The efficacy and safety of somapacitan in individuals with AGHD was confirmed in the large multinational, phase 3 trial, REAL 1, randomizing 301 GH treatment-naïve individuals with AGHD to once-weekly somapacitan, daily GH, or once-weekly placebo (13). After 34 weeks, once-weekly somapacitan demonstrated superiority over placebo on several body composition measures, including the primary endpoint change in truncal fat percentage, and it was concluded that somapacitan may be an effective alternative to daily GH in AGHD. Even though the trial was not powered to compare the two active treatment arms, a less pronounced effect of somapacitan compared with daily GH was noted for the reduction in truncal fat percentage. This could not be explained by different responses in insulin-like growth factor I (IGF-I) standard deviation score (SDS), as mean IGF-I SDS and IGF-I SDS distribution were similar between treatment groups.

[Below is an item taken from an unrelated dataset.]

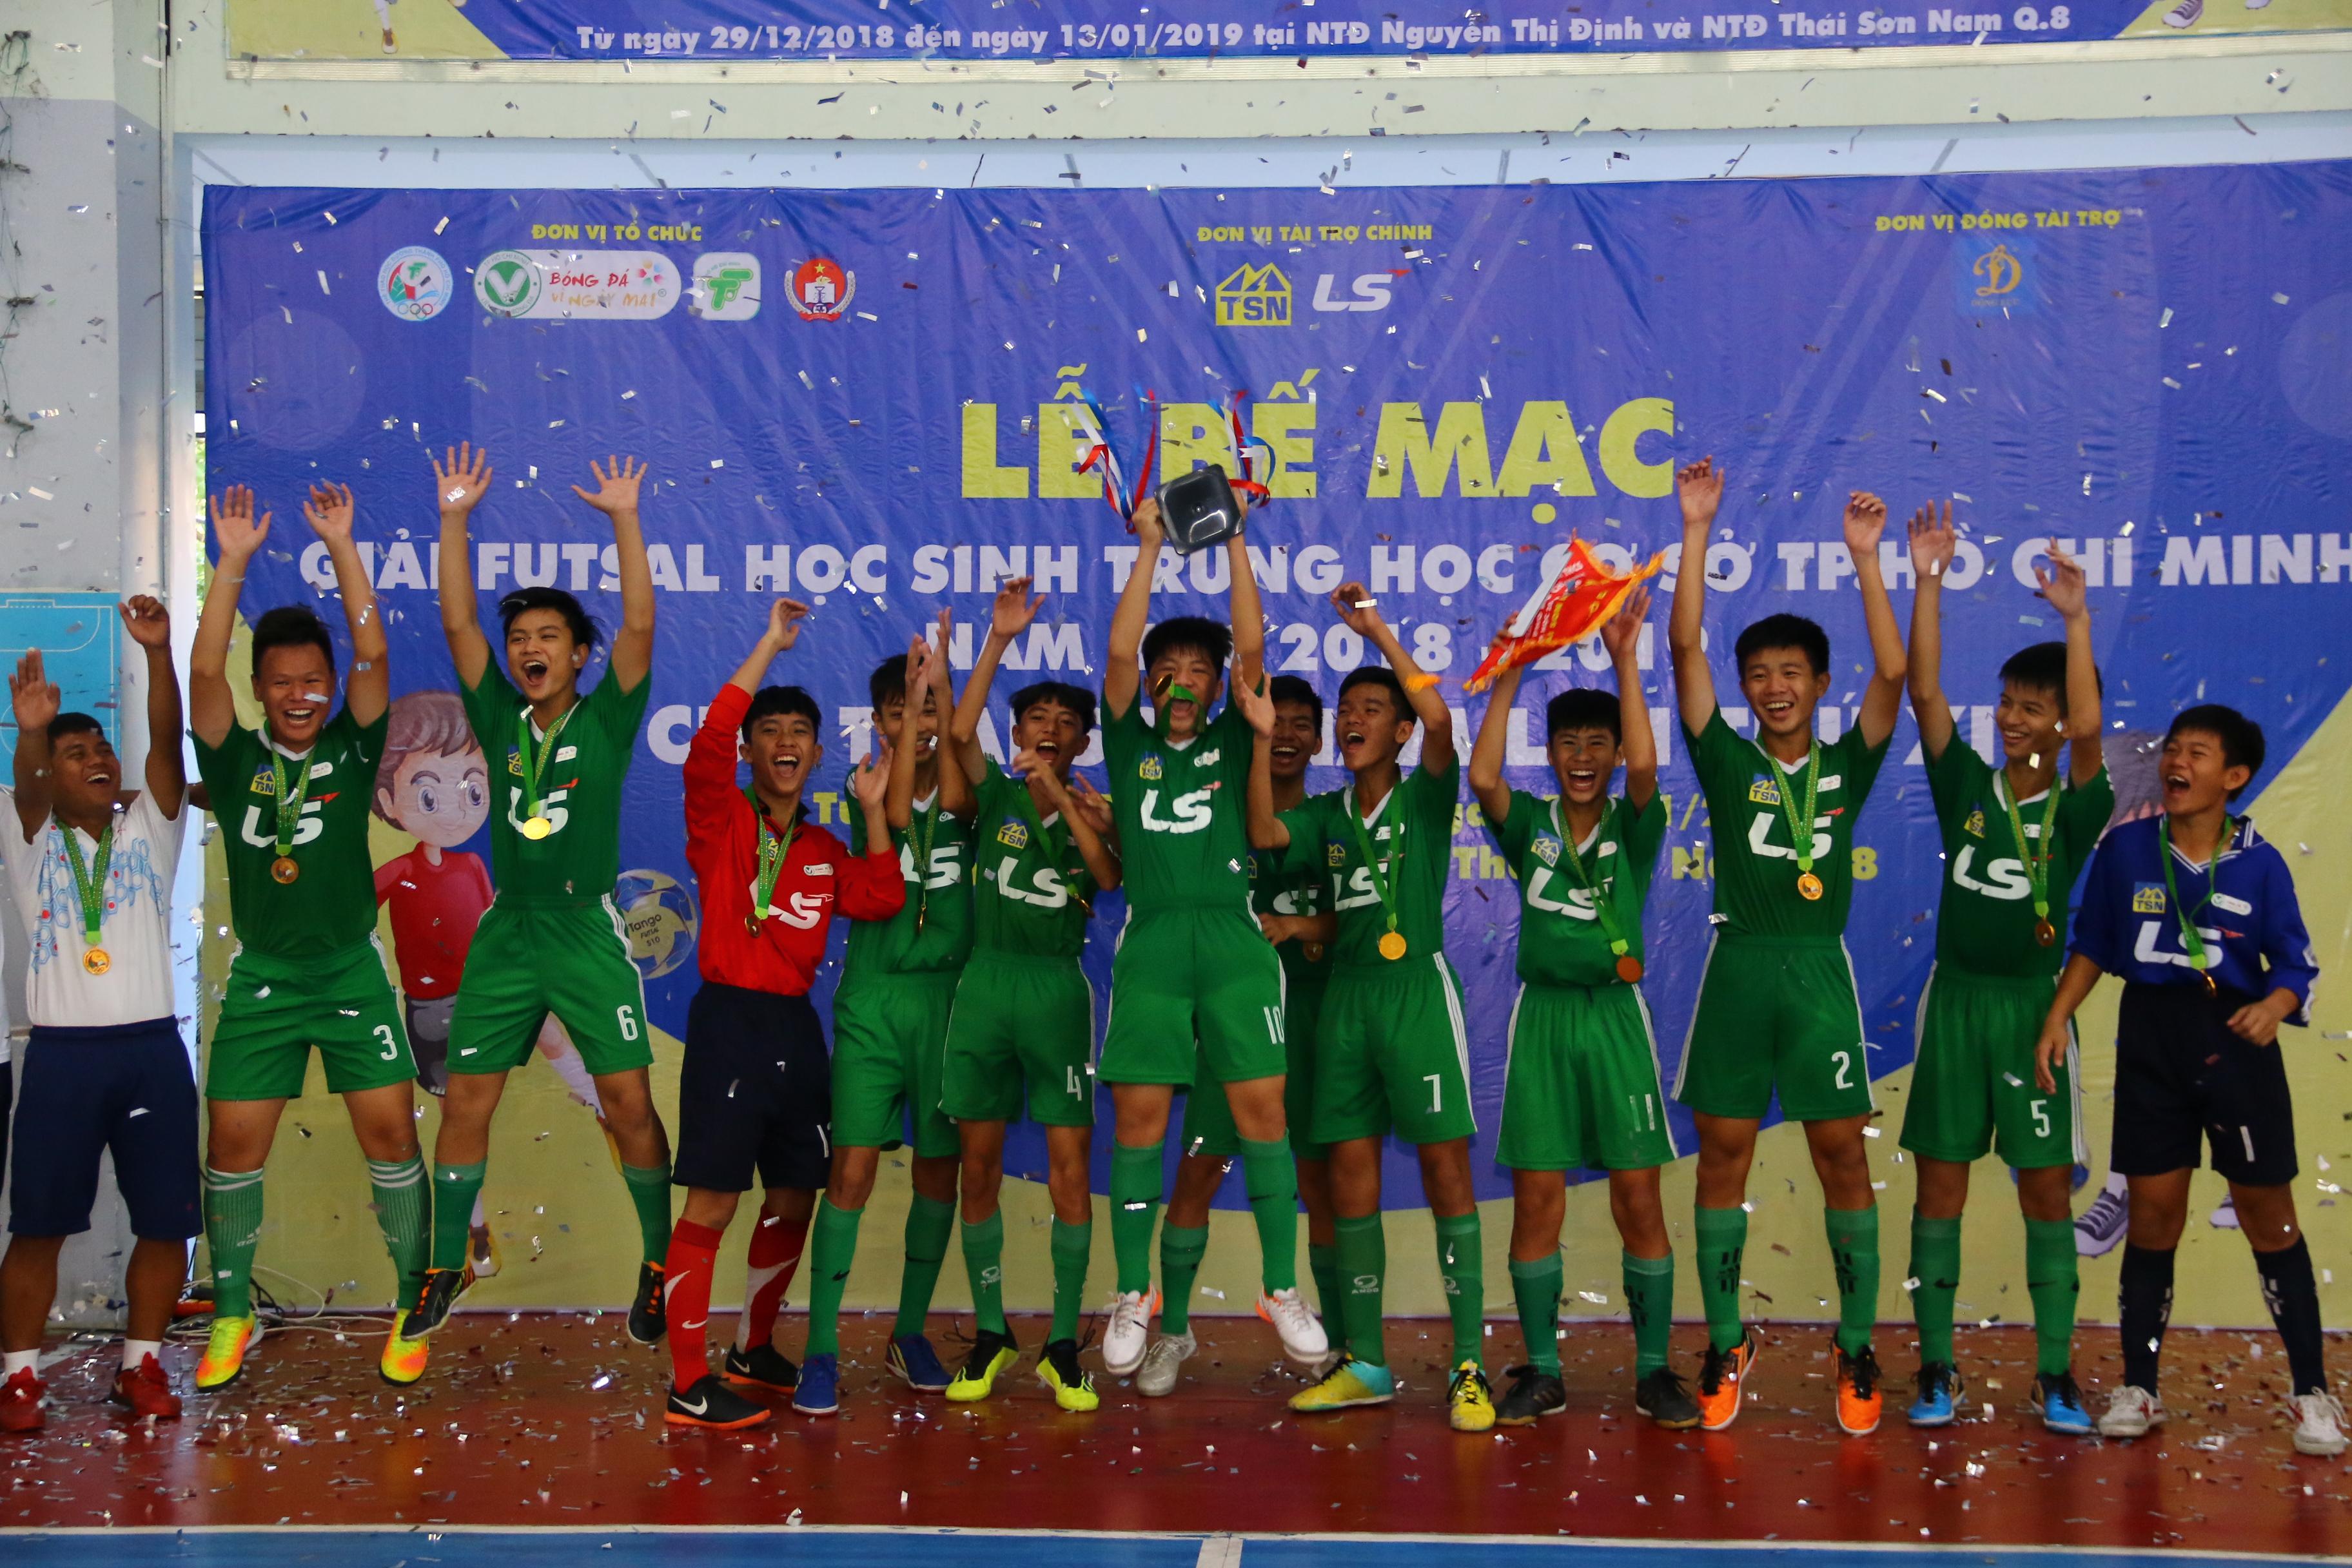 Năng khiếu Nguyễn Thị Định vô địch giải futsal học sinh THCS TPHCM - Bóng Đá

Since the REAL 1 trial was conducted in 17 countries, with stratified randomization according to region (Japan/all other countries), investigating the Japanese subgroup could provide important insights whether this finding seems to persist in a more homogeneous subpopulation. One phase 3 trial, that was conducted in previously GH treated Japanese individuals with AGHD, found that somapacitan demonstrated similar efficacy to daily GH on adipose tissue endpoints, measured using CT, and a similar sustained IGF-I profile (9). The Japanese subgroup in the pivotal REAL 1 trial could potentially extend such knowledge to GH treatment-naïve Japanese individuals with AGHD.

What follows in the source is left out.